Ethylene inhibits hypocotyl elongation as part of the “triple response” in etiolated Arabidopsis seedlings, but not in light-grown seedlings (Bleecker et al. 1988). Most ethylene mutants have been identified using this triple response (Ecker 1995). Smalle et al. (1997), however, demonstrated that ethylene or its precursor 1-aminocyclopropane-1-carboxylic acid (ACC) affects hypocotyl elongation in light-grown nutrient-starved seedlings. On a low-nutrition medium (LNM), ACC caused hypocotyl elongation up to twice the size observed in controls, a response that was abolished by treatment with Ag⁺.

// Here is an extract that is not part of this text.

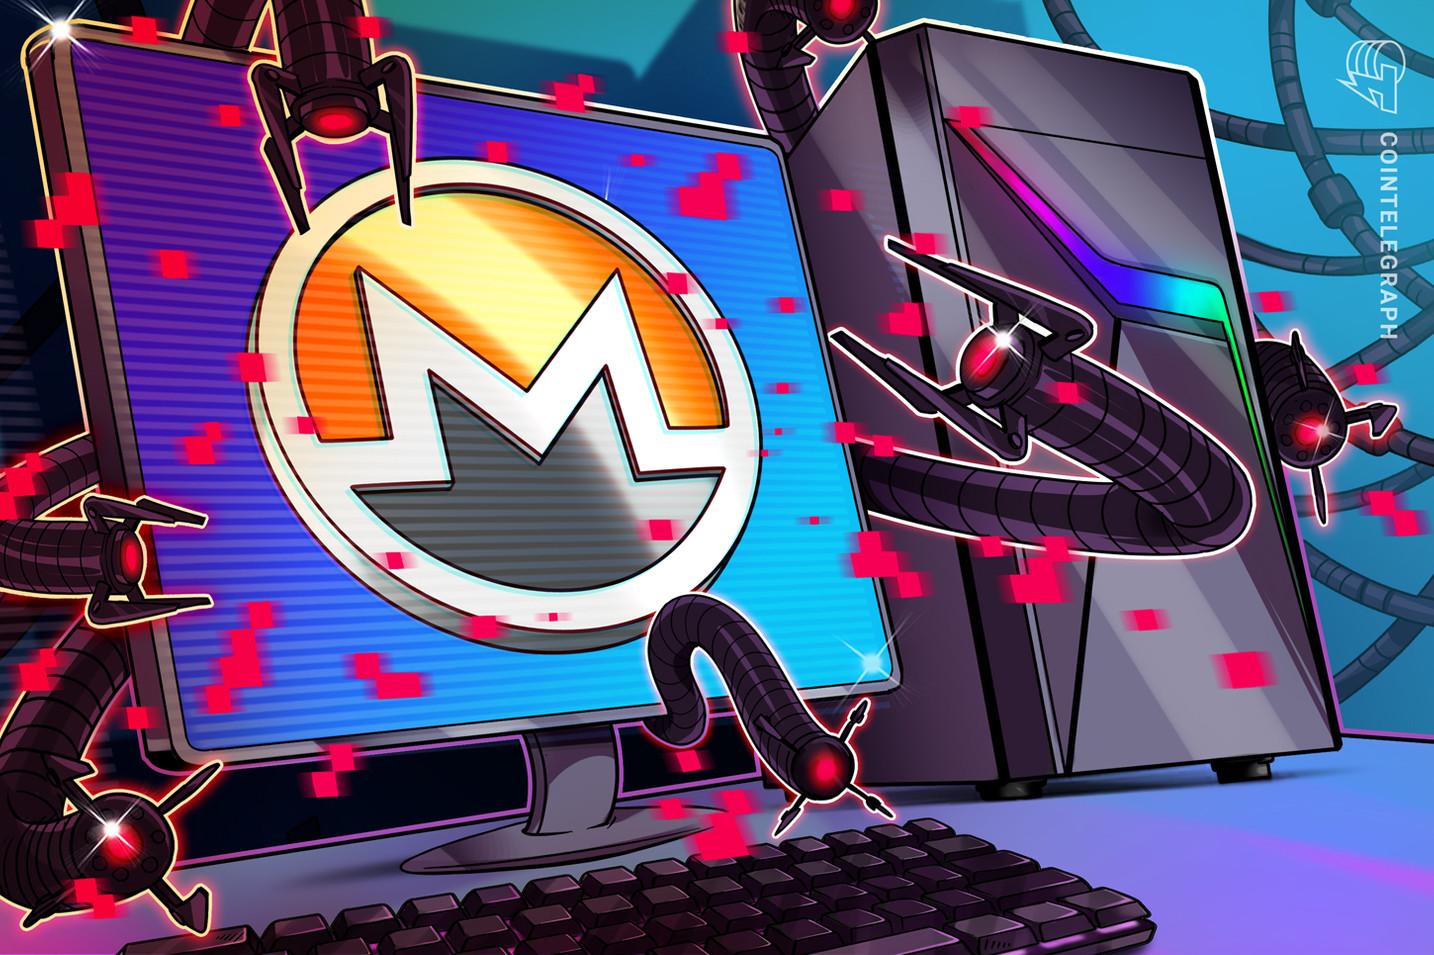 Investigadores detectan un nuevo malware dirigido a los clústeres de Kubernetes para minar Monero

Similar to the effect of ethylene on hypocotyl development, a correlation between auxin levels and hypocotyl length has also been demonstrated. In the dark, transgenic auxin overproducers exhibit the same hypocotyl lengths as wild-type plants (Romano et al. 1995), but the axr2-1 mutant, which demonstrates auxin-resistant root growth, was found to have shorter hypocotyls (Timpte et al. 1992). In light, however, the transgenic plants showed increased hypocotyl elongation and displayed up to 4-fold higher levels of free indole-3-acetic acid (IAA; Romano et al. 1995), whereas the axr2 mutant once more demonstrated a decrease in hypocotyl length. Furthermore, the sur1 mutant (Boerjan et al. 1995) displayed increased IAA levels together with an increased hypocotyl length in the light; and in nutrient-starved Arabidopsis wild-type seedlings, hypocotyl length was increased after IAA treatment in the light (Smalle et al. 1997). Friml et al. (2002) have demonstrated a link between auxin concentrations and cell elongation in the hypocotyl. These authors analysed the relationship between auxin distribution and growth responses in Arabidopsis hypocotyls using the synthetic auxin-responsive reporter DR5::GUS (Ulmasov et al. 1997). During phototropic and gravitropic curvature, DR5::GUS expression was enhanced on the convex side of the hypocotyl, indicating a relation between auxin levels and cell elongation.

Cytokinins inhibit hypocotyl elongation in dark-grown Arabidopsis seedlings (Su and Howell 1995), an effect that is due to cytokinin-induced ethylene production (Cary et al. 1995). Based on this knowledge, Vogel et al. (1998a, 1998b) isolated Arabidopsis mutants defective in cytokinin-induced ethylene production. In dark-grown mungbean hypocotyls, N⁶-benzyladenine (BA) was shown to synergistically enhance ethylene production in the presence of IAA (Lau et al. 1977; Yoshii and Imaseki 1982). Kim et al. (2001) suggested that in dark-grown mungbean hypocotyls, IAA and BA inhibit ethylene action, thereby influencing the ethylene feedback mechanism that in turn causes an up-regulated ACC synthase expression. However, cytokinins had no effect on hypocotyl elongation in Arabidopsis seedlings grown in the light (Su and Howell 1995).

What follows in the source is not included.